# Best ways to encourage amazon sword growth?



## darsunt (Feb 12, 2012)

A while back I had some amazon sword plants in a 20 gal tank, I remember the only thing that really boosted their growth was soluble iron.
Is there anything else that can do this? Also can soluble iron harm the fish? And should I keep check on how much soluble iron is in the water?
My water is hard ph in southern california.


----------



## Summer (Oct 3, 2011)

Swords are slow growing plants to begin with, but you can give it a root tab to help it along.


----------



## jrman83 (Jul 9, 2010)

Adequate lighting is about all it needs but a root tab will help since they are very root heavy.

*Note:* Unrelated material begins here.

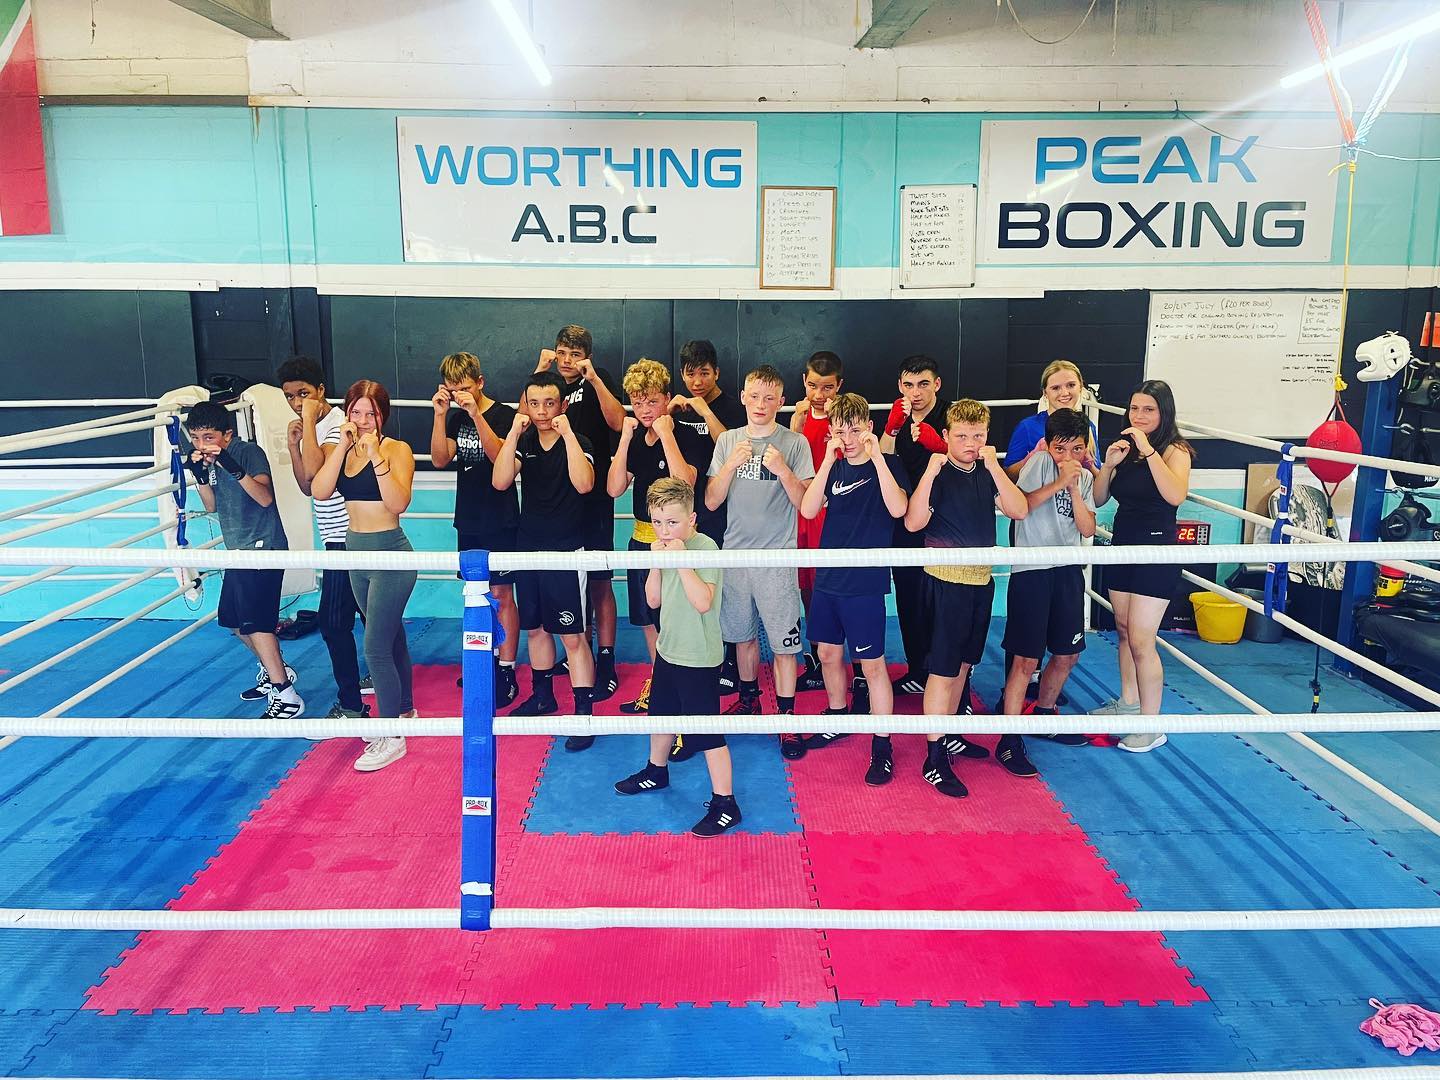 Juniors Boxing Session at Peak Boxing in Worthing

Just need to make sure you have the right lighting for plant growth.


----------



## beaslbob (May 29, 2009)

Yes you can increase iron in any tank FW or marine.

and it is entirely possible the plants (and marine macro algaes) to become iron starved.

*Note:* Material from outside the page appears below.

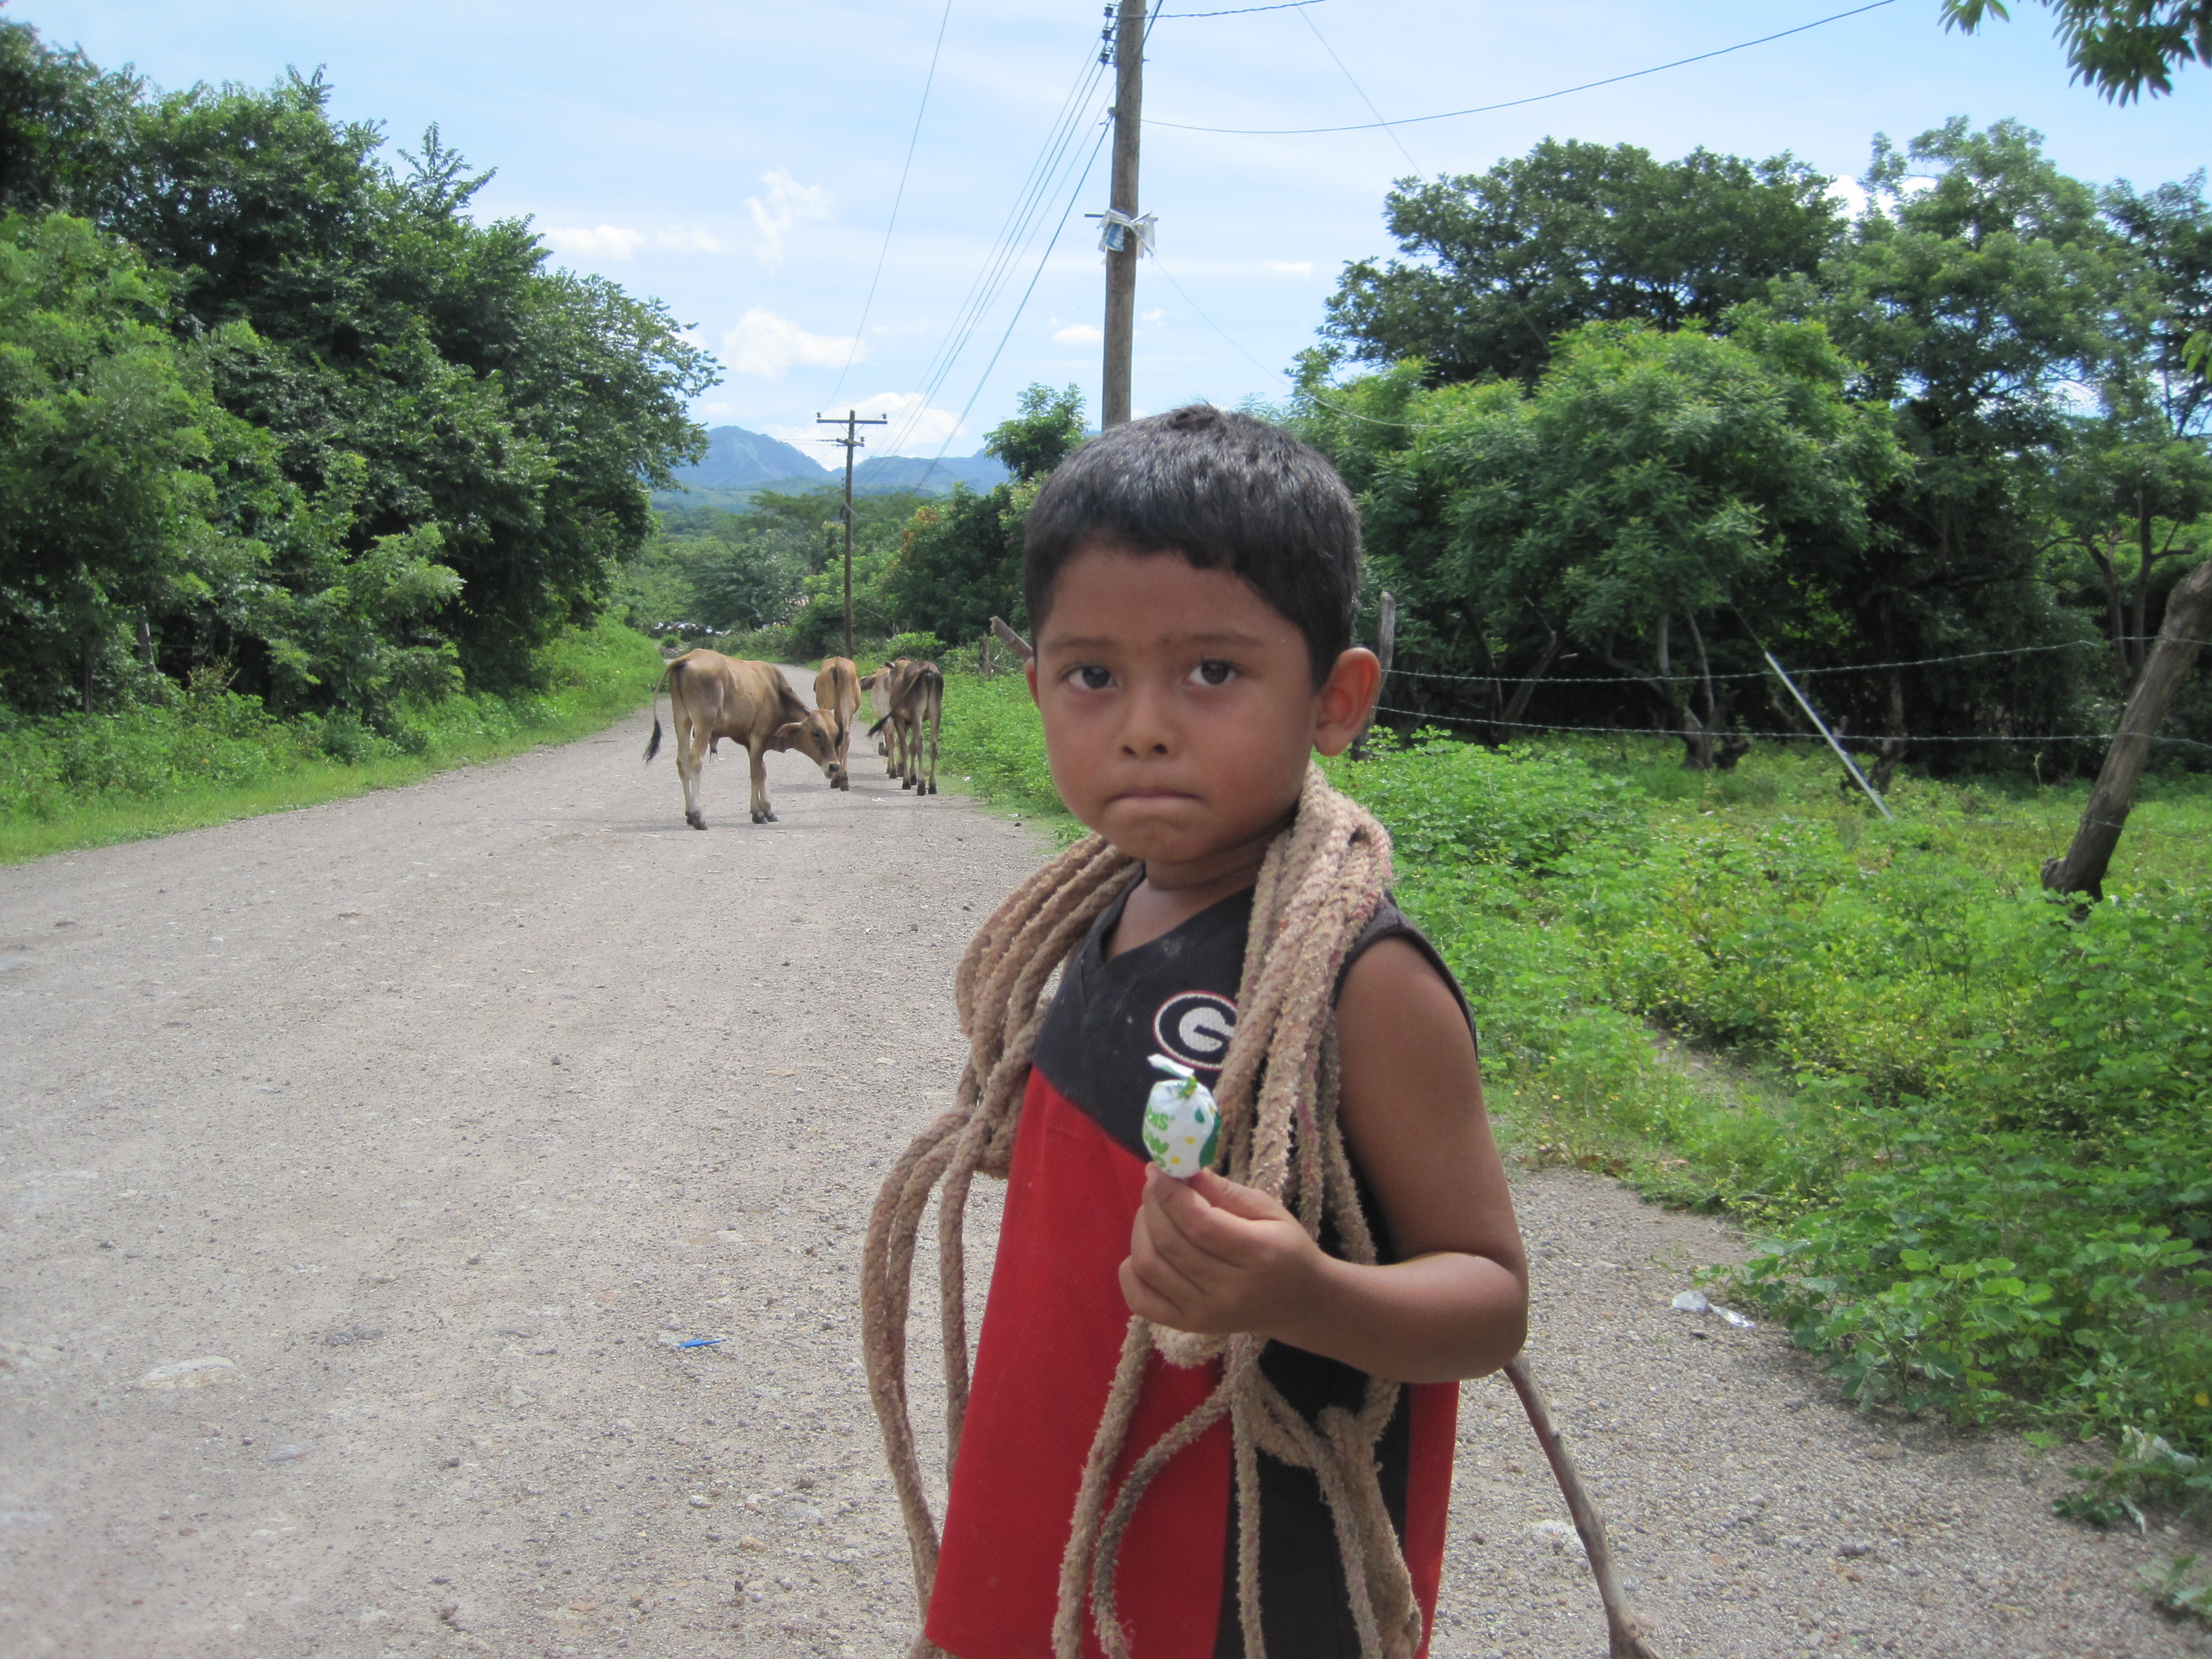 Boy herds his cows, kids in this part of Honduras get responsibilities at a very young age

And yes it is entirely possibe the iron to be too high for fish and most definately for marine corals.

And yes it is possible to safely dose iron cheaply.

What I do is get some ferris gulconate pills from the local drug store. (4-5 bucks for a bottle of pills). Then dissolve one pill in an old sodeabottle full of water (12oz-20oz). Then add 1/2 capfull to the tank each week.

The level is low enough to be safe for marine corals yet still provide iron to favor macro algaes (marine) and plants (Freshwater) over micro algae and cyano.


my .02


----------



## jrman83 (Jul 9, 2010)

Amazons do not need iron to grow. Don't go out of your way to get iron in your tank. They will grow anywhere just about.


----------